Bishop Denis Nulty of Kildare & Leighlin, Ireland, southwest of Dublin, was waiting for a train recently when he noticed a number of people gathering around a young mother. The woman had a baby in her arms, and the strangers were admiring the little one, wondering if it was a boy or a girl, the age and the name.
The scene on the platform struck Bishop Nulty as something so common and yet so wondrous.
The wonder displayed toward new life does not start at birth, however, Bishop Nulty noted. “The time a child first kicks in the womb and the time a child takes its first faltering steps are but different moments on the same journey,” he wrote in a letter to parishioners.
His reflections came as his country prepares to go to the polls next month to decide whether Ireland will continue to officially protect that nascent life. The Irish government has set May 25 for a referendum on part of the Eighth Amendment to the national constitution, which acknowledges the equal rights of mother and unborn child.
The clause, which was inserted into the Irish Constitution as a result of a 1983 referendum, reads: “The State acknowledges the right to life of the unborn and, with due regard to the equal right to life of the mother, guarantees in its laws to respect, and, as far as practicable, by its laws to defend and vindicate that right.”
Bishop Nulty was one of several bishops who have issued statements in the run-up to the May 25 referendum.
“Some claim that we have been behind the times in Ireland in regard to abortion,” he wrote. I would argue the very opposite; that upholding the right to life of the unborn is timely and far-seeing. We risk compromising our humanity if we do not continue to be supportive of life, even when this poses great difficulties.”
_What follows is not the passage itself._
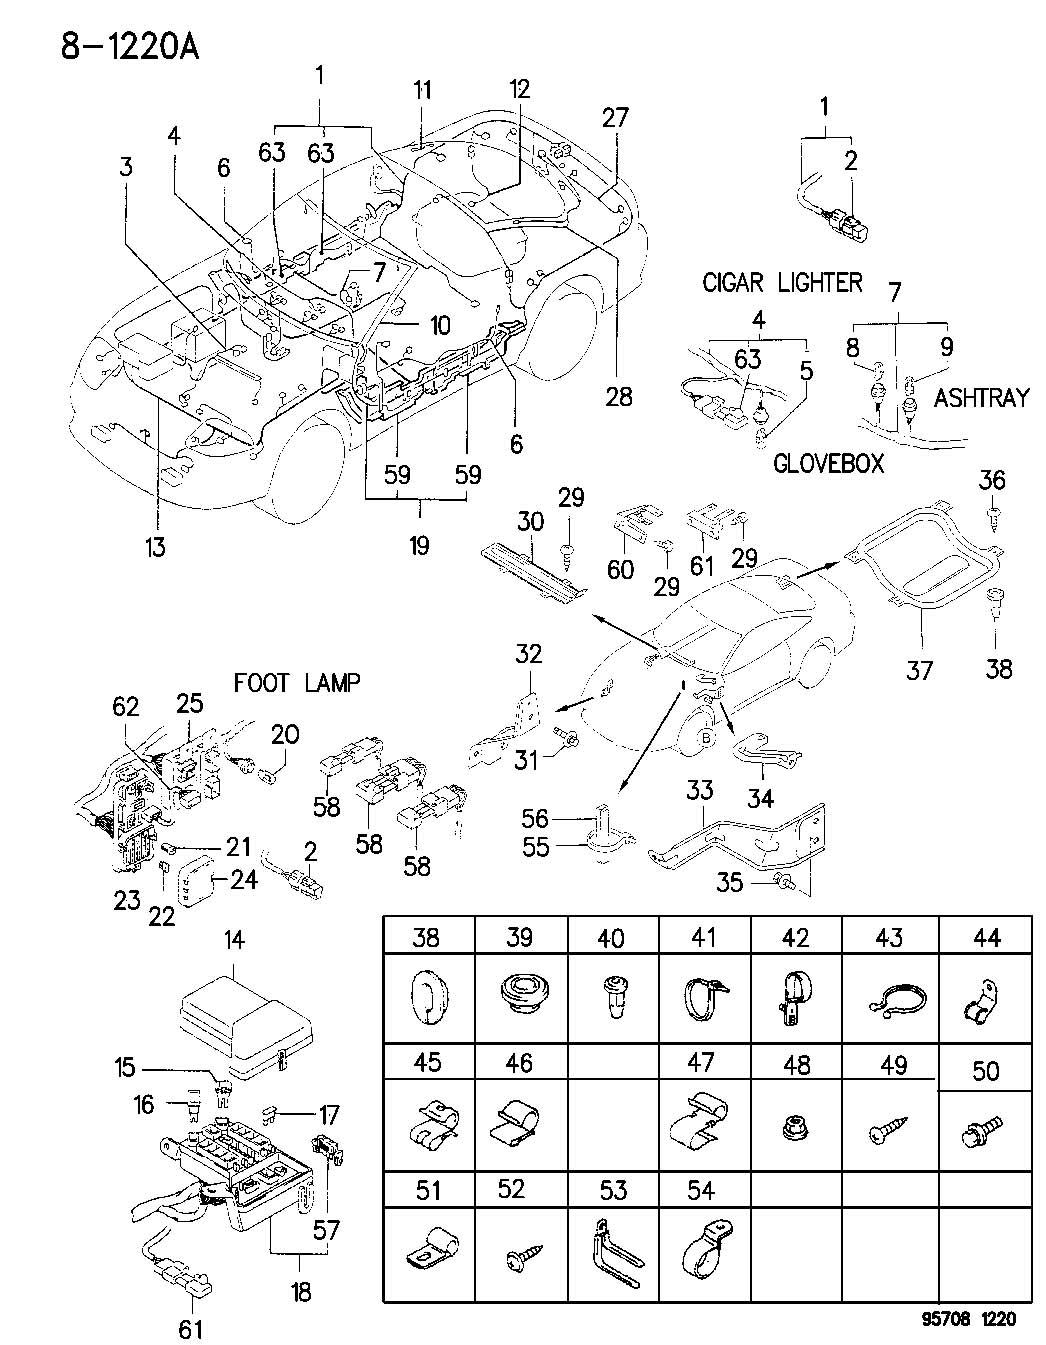 1995 Eagle Talon 2 0 Wiring Diagrams

Bishop Alan McGuckian of Raphoe, which includes the greater part of County Donegal, wrote in a statement that the right to life is “not given to us by the Irish Constitution or by any law.”
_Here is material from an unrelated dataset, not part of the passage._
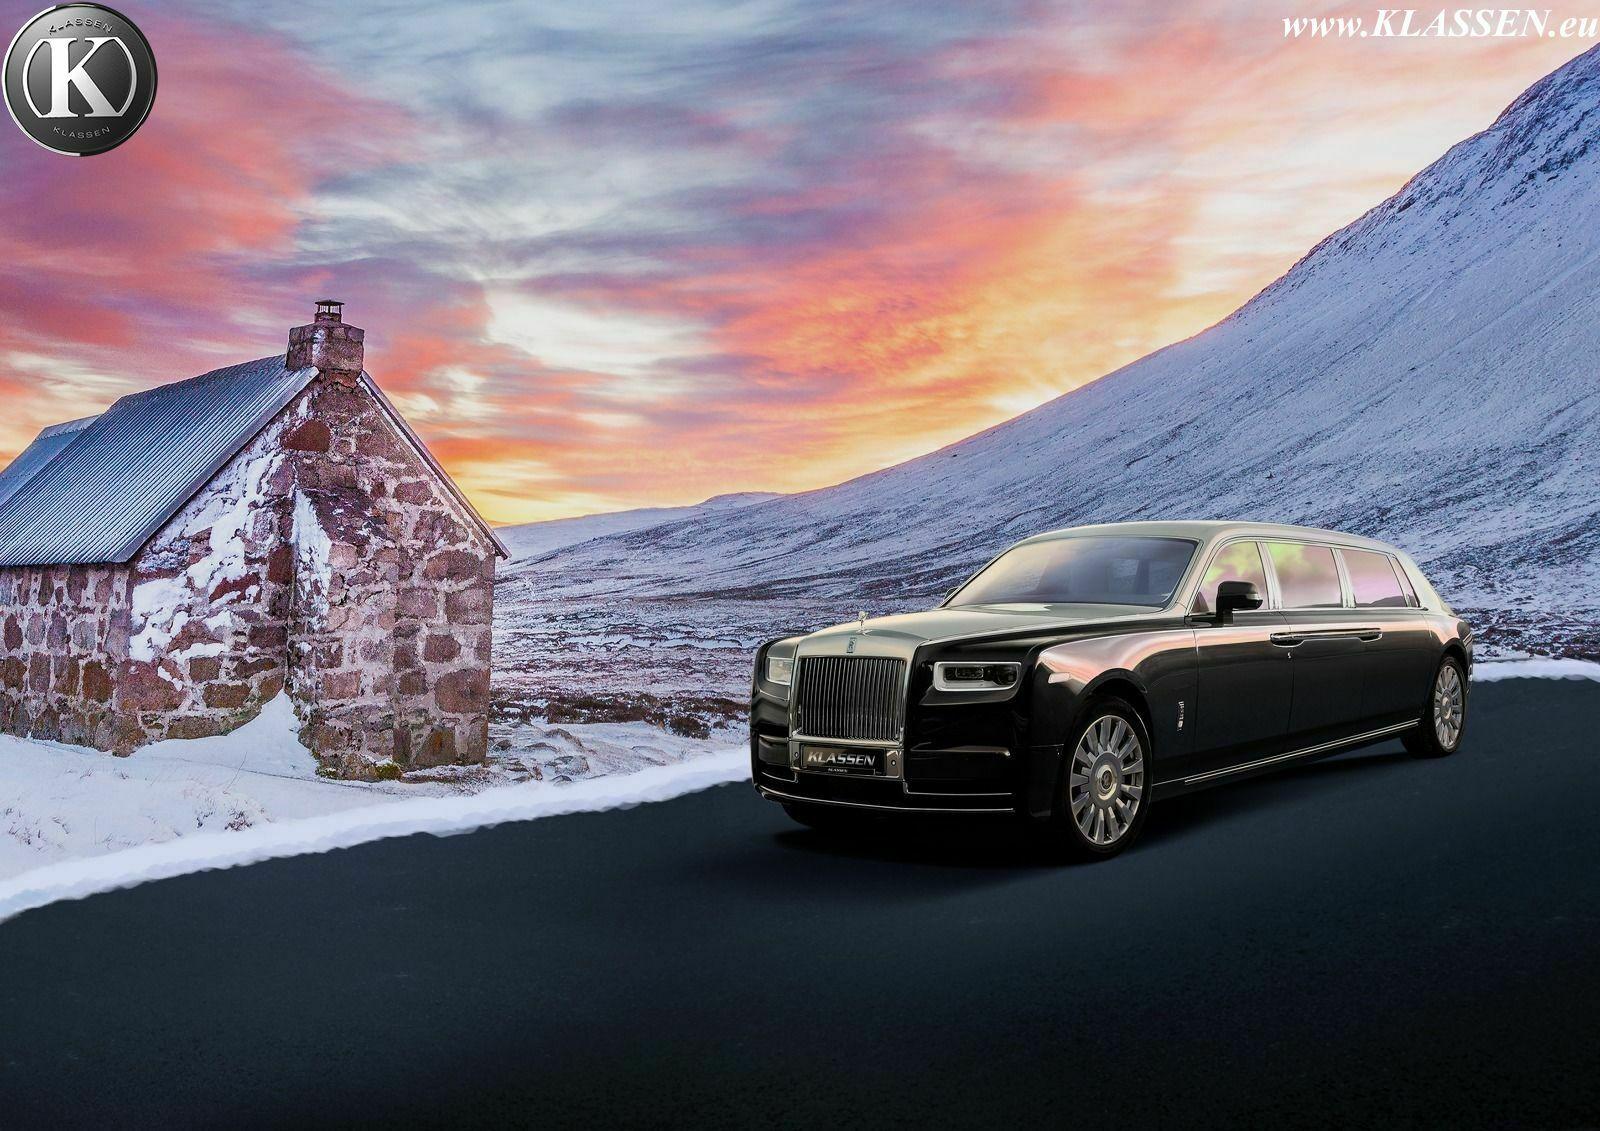 Rolls Royce Phantom Klassen Blindado (2)

“We have it ‘as of right’, whether we are wealthy or poor, healthy or sick,” Bishop McGuckian wrote. “All human beings have it. For us as a society to now declare that any category of human beings should have that right taken from them is a seriously backward step. It effectively says that they don’t exist or, if they do, they do not count. That is a manifest injustice.”
The bishop pointed to scientific evidence that life begins at conception and said that that evidence is “never clearer than it is now.”
“It is a great irony that we in Ireland are for the first time in history losing our clarity about the right to life of the unborn,” he wrote. “Knowledge about the mysterious workings of DNA and the stunningly vivid evidence of ultrasound images of little persons in the earliest weeks in the womb should be making us more committed than ever to the protection of unborn life.”
Bishop John Buckley of Cork & Ross, noted that Ireland will be the first country in the world to hold a referendum to introduce abortion by popular vote.
“Will the people of Ireland decide that there is no safe place for the unborn?” he wondered. “We will be asked in the Referendum to remove the only remaining effective law to protect the unborn. We can choose to retain the Eighth Amendment, under which doctors and hospitals will protect the lives of both baby and mother to a standard of care that is considered the highest in the world, or we can repeal the Eighth and leave babies with no protection whatsoever. The legislators will then be able to propose laws for abortion right up to birth, with no restrictions and over which the people of Ireland will have no control.”
But voting no is not enough, Bishop Nulty said. “The real challenge for us is to work even harder to strengthen a culture that values all life. Being pro-life must mean that we advocate for all who are in need of protection in our society. Let us rededicate ourselves to this essential and blessed task.”